Information shown:
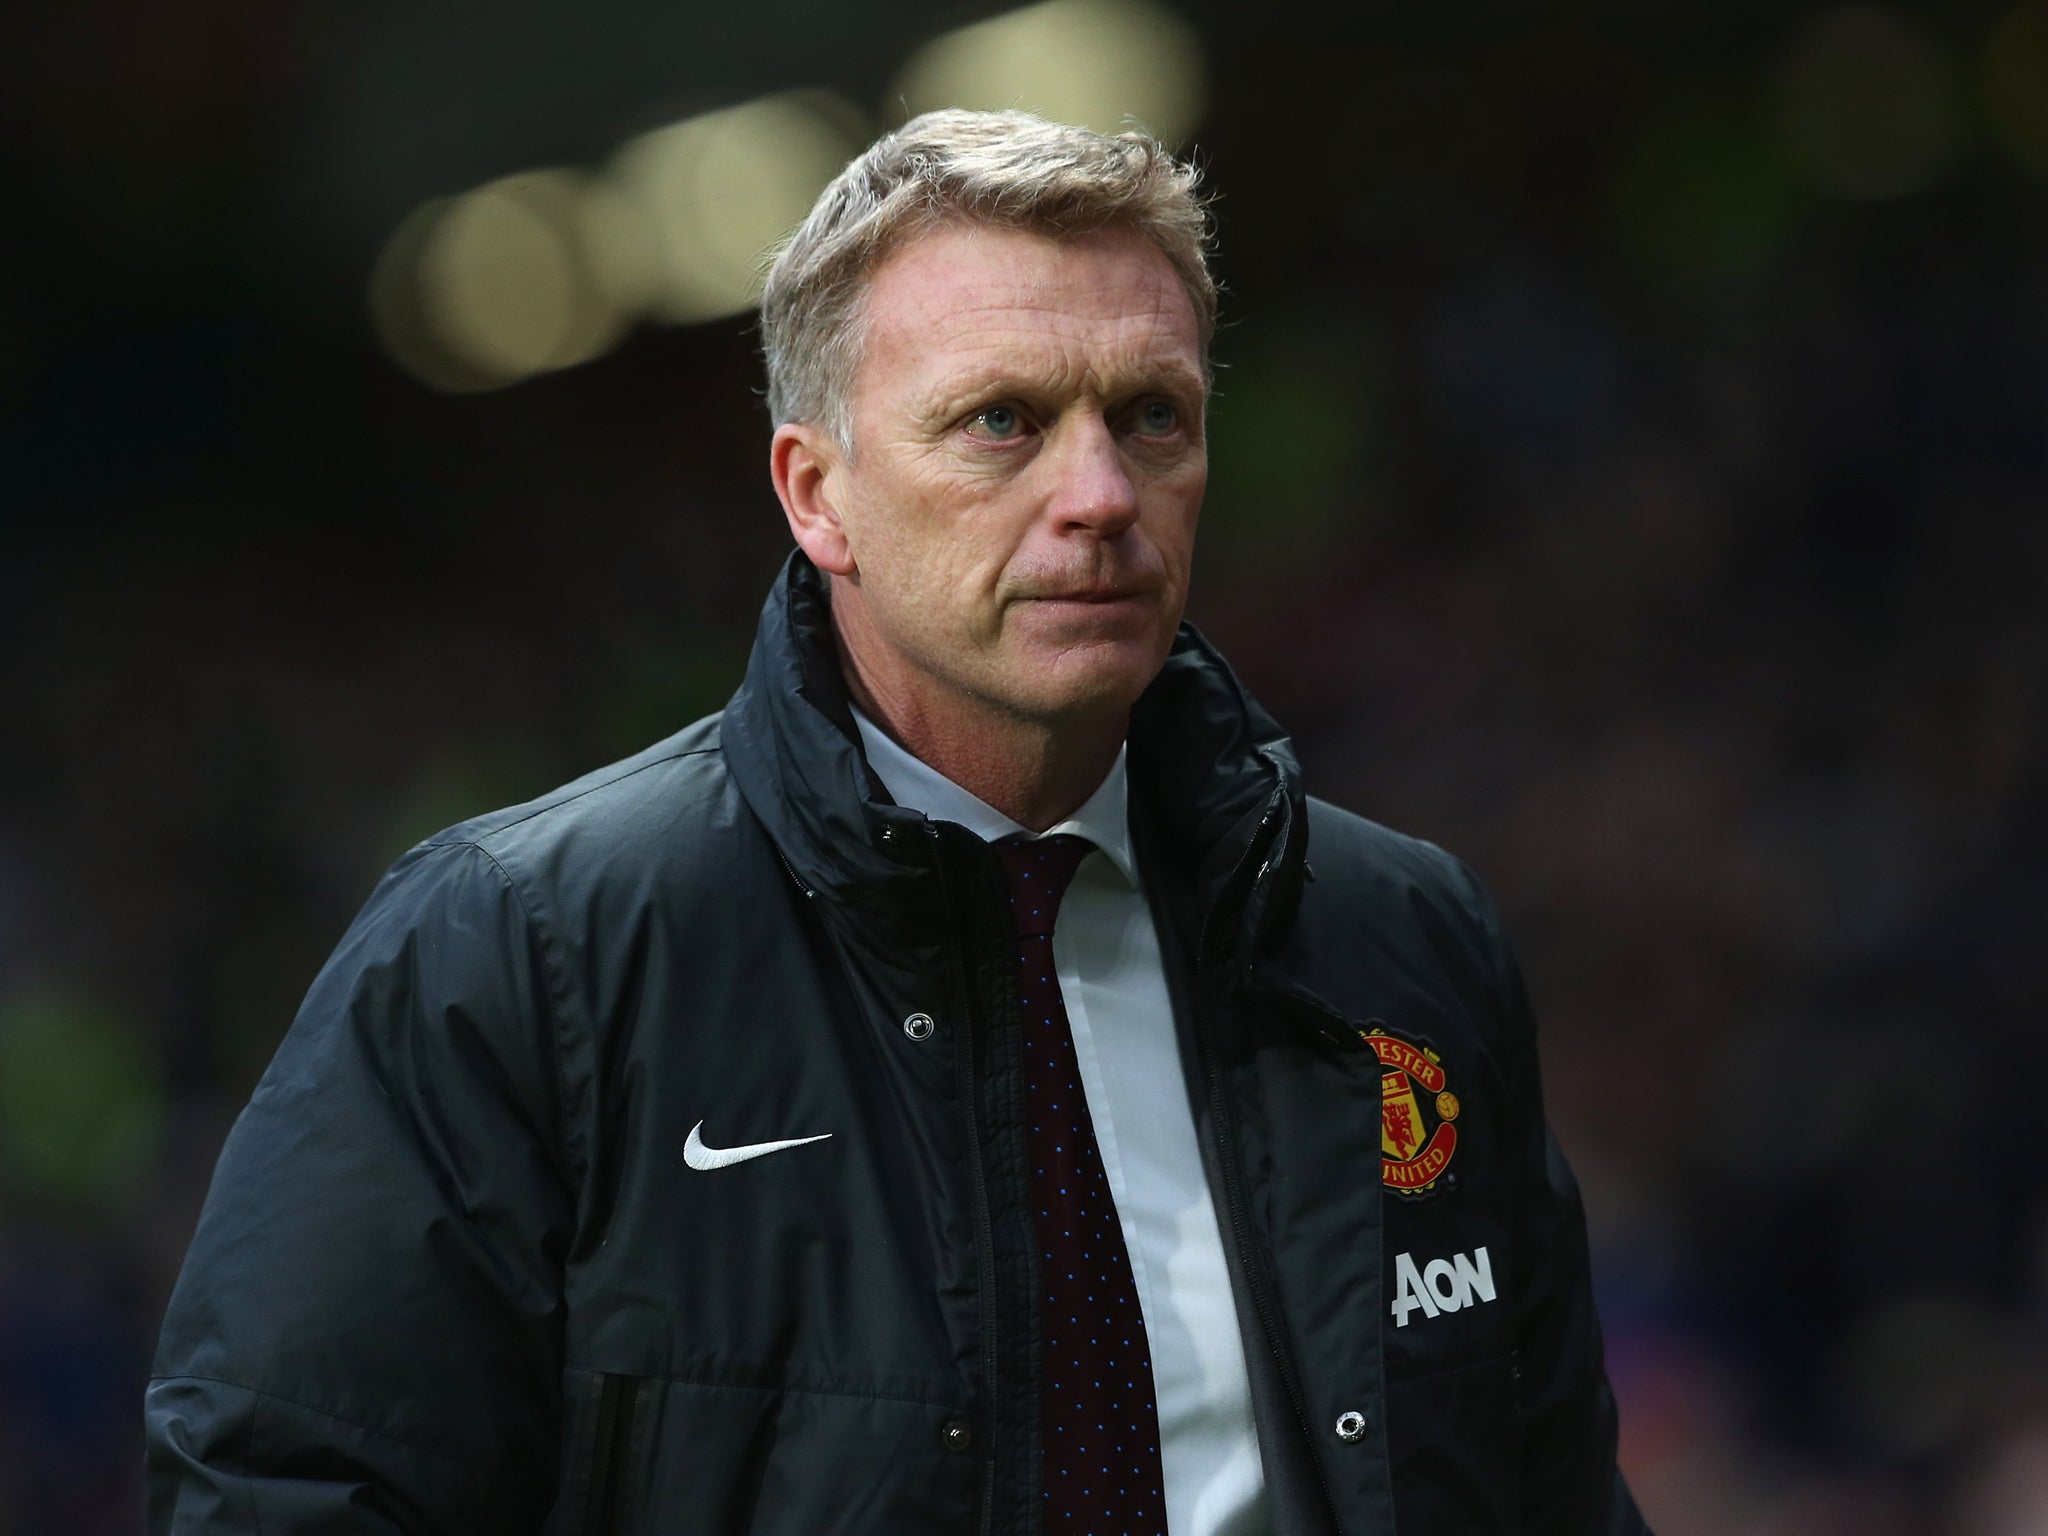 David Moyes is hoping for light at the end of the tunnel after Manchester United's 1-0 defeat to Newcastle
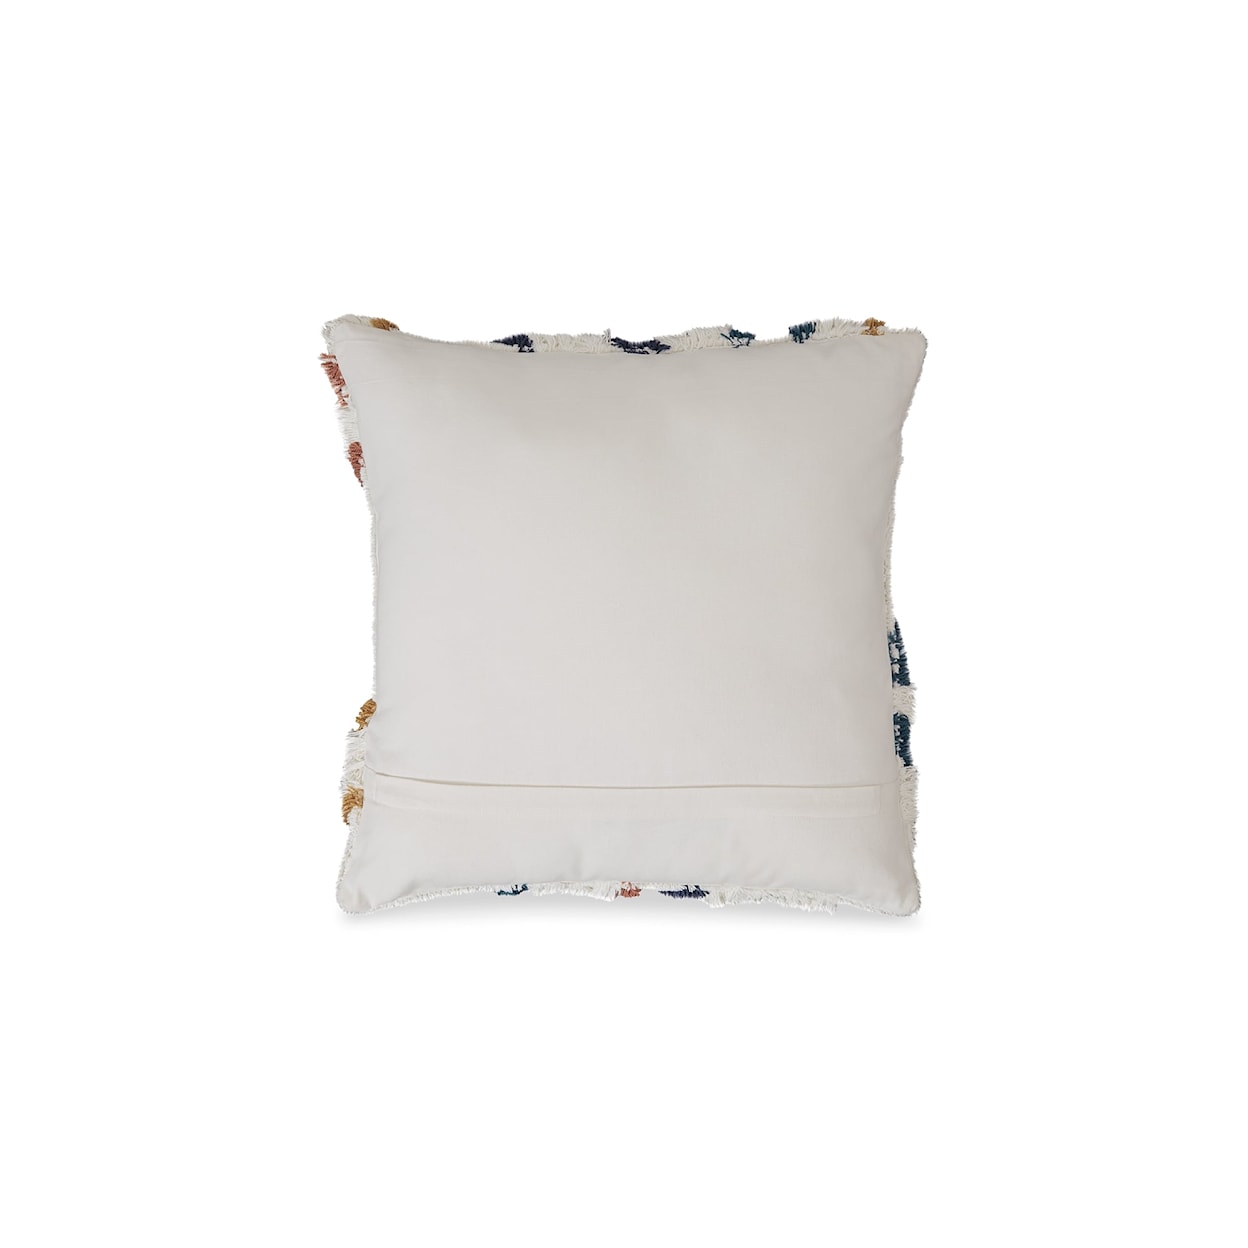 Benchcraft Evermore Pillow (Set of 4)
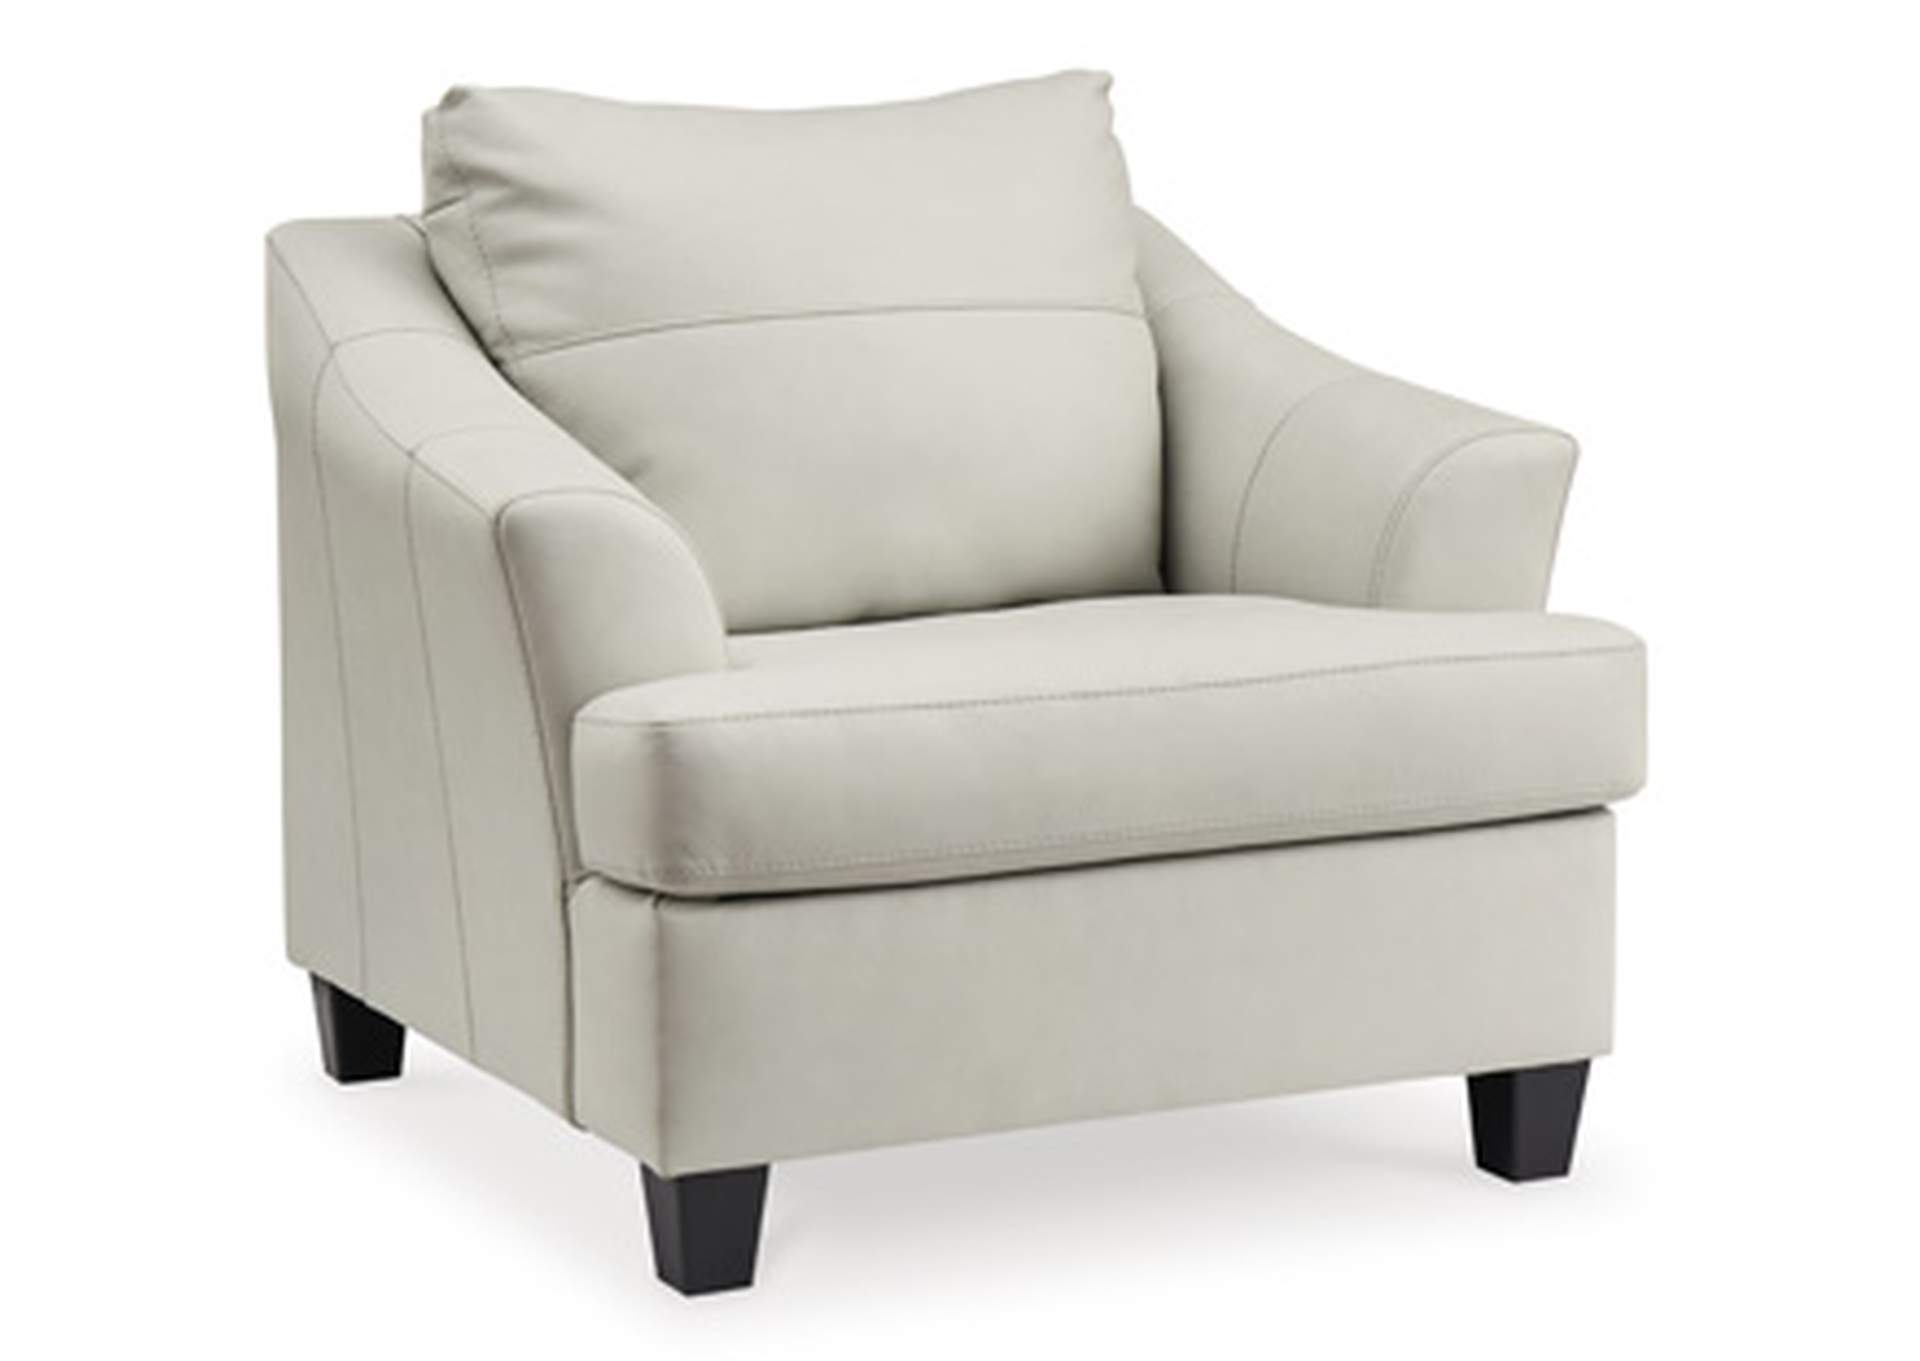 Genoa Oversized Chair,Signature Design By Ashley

What you should do:
Please write out exactly the lines from the one holding "Benchcraft Evermore Pillow (Set of 4)" through the last line of the material above, both included, as a copy without pictures.

Output of the task:
 Benchcraft Evermore Pillow (Set of 4)
 Genoa Oversized Chair,Signature Design By Ashley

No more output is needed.